# Statistical Significance and Sample Size

When the National Center for Education Statistics (NCES) reports differences in results, these results reflect statistical significance. Understanding statistical significance in large-scale assessments, how results are estimated, and the influence of sample size are important when interpreting NAEP data in The Nation's Report Card. Explore this important guide to NAEP results and the use of statistical significance in NAEP data.

## Influence of Sample Size

### Sampling Variance

Like any survey based on a sample, NAEP results are subject to uncertainty. This uncertainty is reflected by the standard error of NAEP estimates; the more precise the estimate, the smaller the standard error.

The first source of uncertainty arises from the fact that NAEP only assesses a sample of students, rather than every eligible student (a census). The sample consists of a number randomly selected students. Carefully constructed surveys can yield very precise estimates of population quantities. But, a different, equally good sample of students could be have been selected, and the results based on the second sample would be slightly different. Thus, the first component of the standard error is due to sampling of students, termed "sampling variance."

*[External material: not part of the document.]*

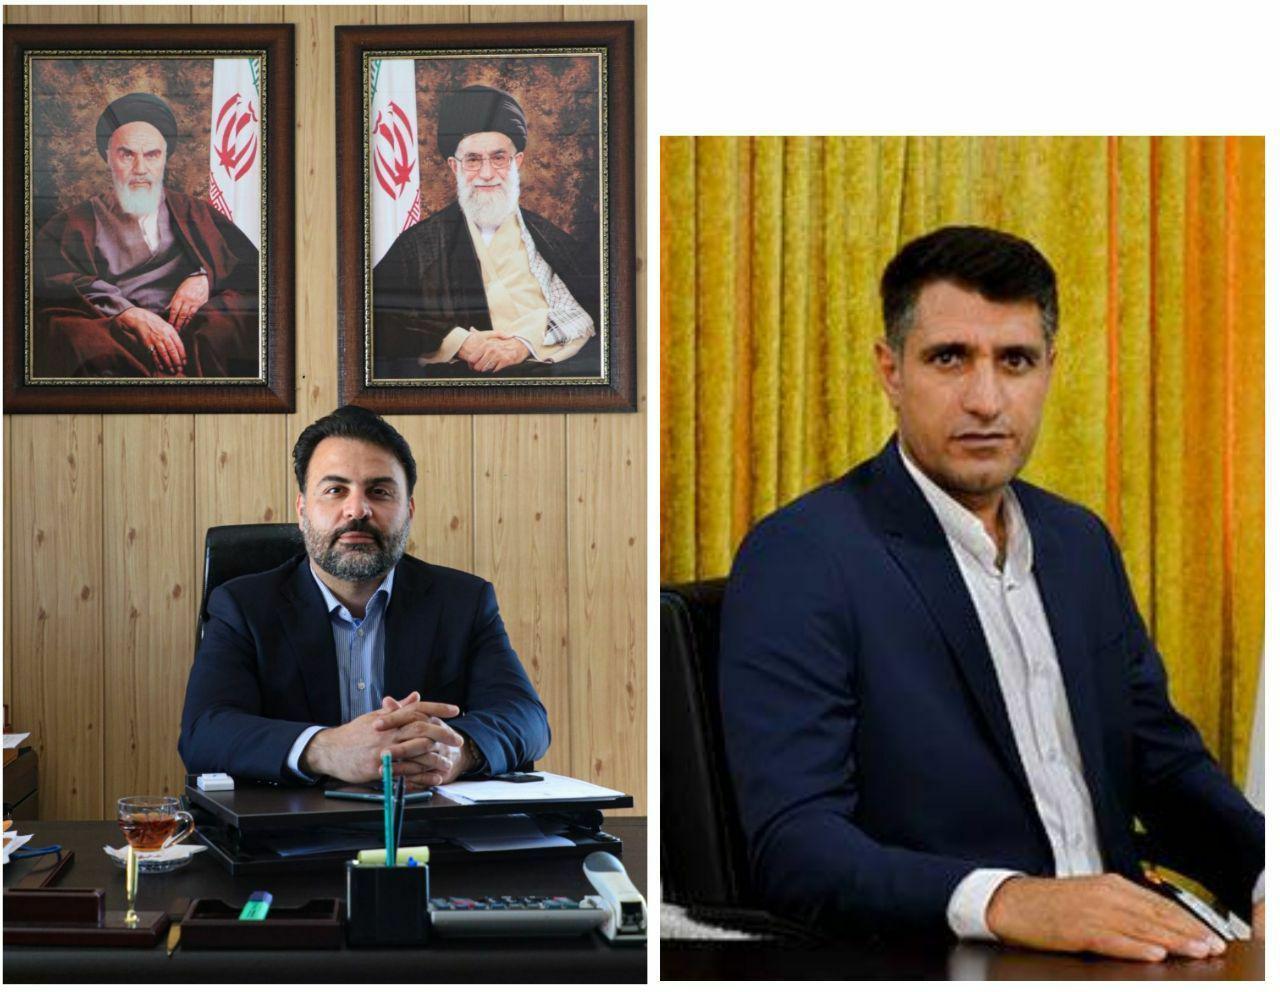 پیام تبریک شهردار و رئیس شورای اسلامی شهر پرند به مناسبت فرا رسیدن هفته ناجا

In a good sampling design, the sampling variance decreases as the number of students selected increases. Large groups will tend to have smaller standard errors than smaller groups. A NAEP national assessment typically contains about 10,000 students. Some NAEP assessments include separate, state level samples of over 2,000 per state, which are combined to produce national results. These state-national assessments result in total samples of approximately 140,000 students. Thus, results for the nation based on NAEP state –national assessments will have much smaller standard errors than results from NAEP national only assessments.

### Measurement Variance

The second source of uncertainty in NAEP results is due to "measurement." Measurement variance arises from the fact that a student’s proficiency in a subject (e.g., how good the student is at mathematics), is not directly observed, but has to be estimated based on the answers that the student provides to the items on the assessment. It is possible that, were the assessment given on a different day, the student might provide slightly different answers. Similarly, a different version of the assessment, comprised of different but equally valid items, would give slightly different estimates of students’ proficiency. These two factors give rise to what is typically termed "measurement variance."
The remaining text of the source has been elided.